I watched her walk down the corridor, slowly getting further and further away. Her pretty blond hair was let down, no longer in her fishtail braid. She had changed a lot in my absence. In a sense I was happy for her, but I couldn't help but feel like I had been left behind.

I returned to my apartment and closed the door behind me. Only after her leaving did I realise how lonely I truly was, the emptiness creeping into my home.

The lone branch in the vase lasted a week. A strange sadness washed over me as I watched it die – the peony pink petals turning pale and lifeless, before dropping off. The branch turned limp, its leaves turning yellow and wilted. I felt like I was watching Rafel, watching him wilt and die into nothingness. I wondered how he was doing now. Cold, dark, and alone with only the worms and snakes for company. How could someone so warm be extinguished just like that?

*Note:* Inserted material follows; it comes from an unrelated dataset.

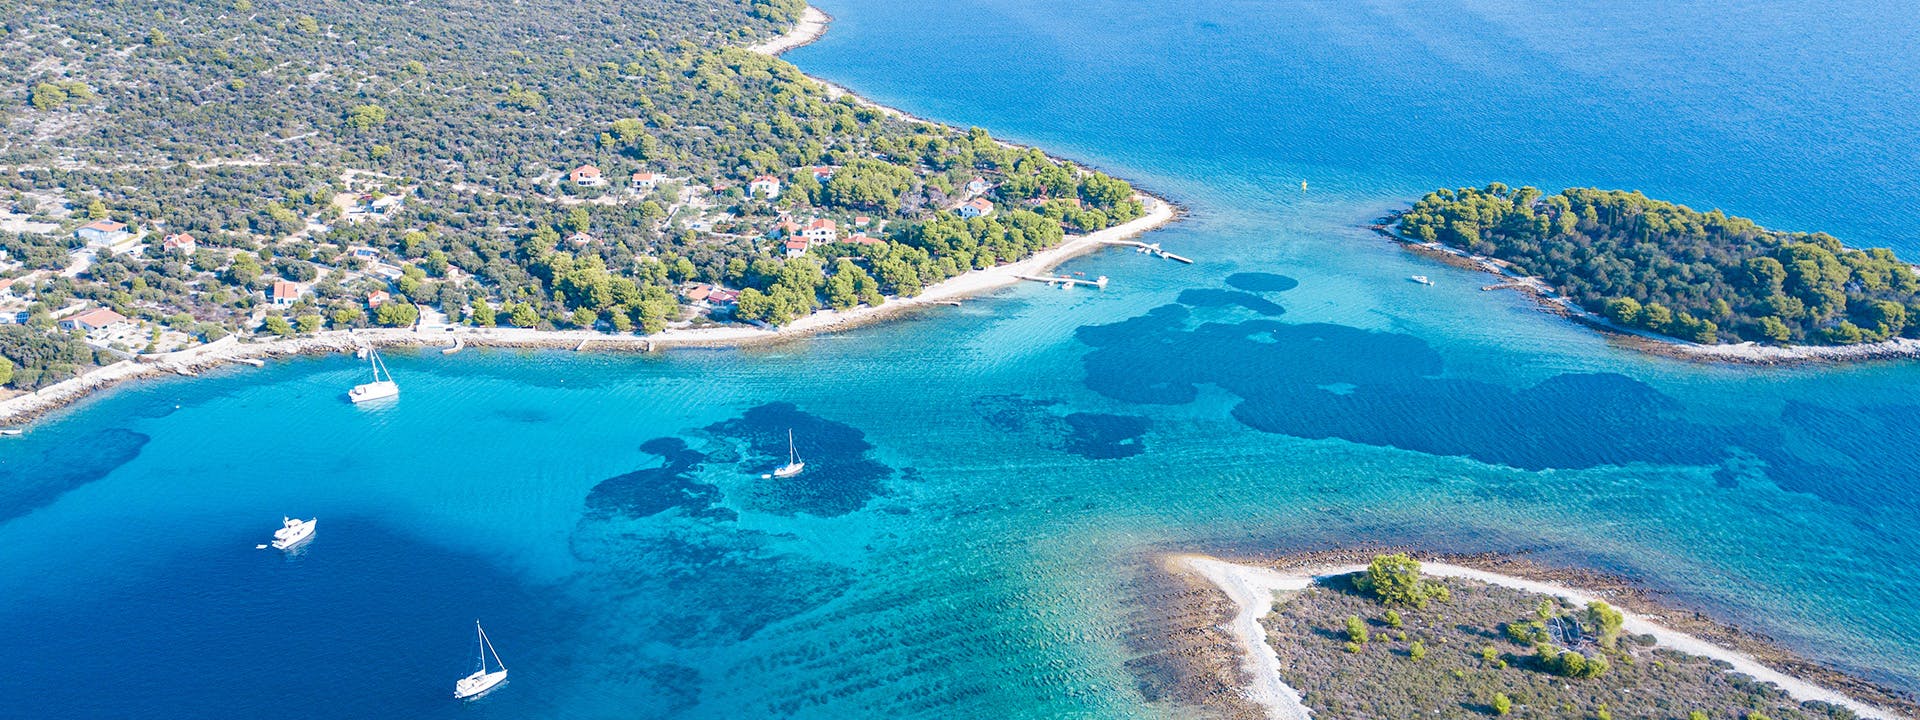 Private tour to Blue Lagoon and 3 Islands from Trogir

I started to ask these questions. Questions that I had been ignoring for months. Amélie was right, running away wasn't going to solve anything.

If there was one person who was hurting more than me when Rafel died, it was his little brother.

I thought about what Amélie said. Perhaps I should talk to him. I didn't even know how he was doing now. There were only a couple of months left before the school year ended, so I guess he must've been busy preparing for the baccalaureate, and if he were to try for the more competitive universities, he would have to sit for university entrance exams. I still had his number, sitting in my contacts.

I pondered over it for the next few days. Every time I wanted to pick up the phone and give the boy a call, I felt a paralysing hesitation, and eventually I never did.

I had an itching feeling to find out how he was doing, and in the end I gave in and looked him up on social media. I struggled to remember his handle, so I had to search for him from Rafel's account.

I hadn't viewed Rafel's profile in a very long while. I was hit by a wave of nostalgia as I scrolled down and looked at all the pictures that he had posted. It all seemed like a lifetime ago. And in a sense it was – from a life that I could never have again. A life where my best friend was still alive.